Уэстон вздохнул и провел рукой по волосам. Взгляд его снова потяжелел, и когда он заговорил, голос звучал низко, как будто речь давалась ему с трудом.

– Я сейчас… мало на что годен, – произнес он. – И в ближайшее время ничего не изменится. Именно поэтому я так ужасно вел себя с тобой в Балтиморе.

Я сцепила пальцы, подавляя безудержное желание взять Уэстона за руку.

– Я знаю, тогда в больнице ты был подавлен, и мне кажется, я слишком быстро сдалась. Слишком быстро.

Он медленно покачал головой.

– Не трать на меня свои чувства, Отем.

– Что это значит?

– Слушай, я рад, что ты подошла поговорить со мной. Было очень приятно с тобой пообщаться, но я не могу снова так с тобой поступить.

– Как поступить?

– Причинить тебе боль. По словам моего психолога, у меня сейчас душевный разлад. Не хочу утянуть тебя за собой.

– Ты никуда меня не тянешь, – возразила я. – Друзья поддерживают друг друга в трудные времена, несмотря ни на что.

– То есть за твой счет.

– Если я пройду мимо, это обойдется мне дороже.

– И всё-таки ты должна пройти мимо. Ради твоего же блага.

Я покачала головой.

– Всё происходящее с тобой сейчас тебе в новинку. Ты просто еще не привык.

Глаза Уэстона сердито вспыхнули.

– Я не собираюсь читать тебе нотации…

– Так не читай. Я вполне освоился и знаю, что мое нынешнее положение – полный отстой. Половина моего тела не работает так, как должна. Я уже чувствую, что прикован к этому креслу до конца своих дней, и это при том, что вся жизнь еще впереди.

– Но тебе не обязательно проходить через всё это в одиночку. – Я всё-таки подалась вперед и взяла Уэстона за руку. – Я хочу помочь.

– Конечно, – кивнул Уэстон. – Помощь другим у тебя в крови.

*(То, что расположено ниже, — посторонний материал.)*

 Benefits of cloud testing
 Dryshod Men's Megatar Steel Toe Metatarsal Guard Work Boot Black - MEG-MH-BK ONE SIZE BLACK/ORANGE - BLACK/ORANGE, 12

Такой уж ты человек. – Он тоскливо посмотрел на наши соединенные руки, и у меня защемило сердце от боли. Трещина в моем сердце стала еще шире, когда рука Уэстона соскользнула с моей. – Мне не нужна твоя помощь. В Балтиморе я повел себя с тобой как моральный урод и прошу за это прощения. Но я не отказываюсь от тех своих слов.

– Уэстон…

– Пожалуйста, – хрипло проговорил он. – Я не могу встать и уйти. Это придется сделать тебе.

Его голос прозвучал глухо, в нем слышалась боль, она блестела в его глазах.

– Отем, тебе нужно сделать то, на что не способен я. Вставай и уходи.

Глава шестнадцатая

Уэстон

Ноябрь


– Какой милый ресторан, – сказала Ма. – Ты уверен, что можешь себе это позволить?

– Да, Ма, не волнуйся, – ответил я уже в сотый раз за вечер.

Благодаря Коннору я мог себе позволить водить Ма и Пола в «Ростан» хоть каждый вечер, а не только на День благодарения. В ночь, когда ушел Коннор, он сказал, что перевел на мой банковский счет небольшую сумму. «Небольшая сумма» оказалась четвертью миллиона долларов.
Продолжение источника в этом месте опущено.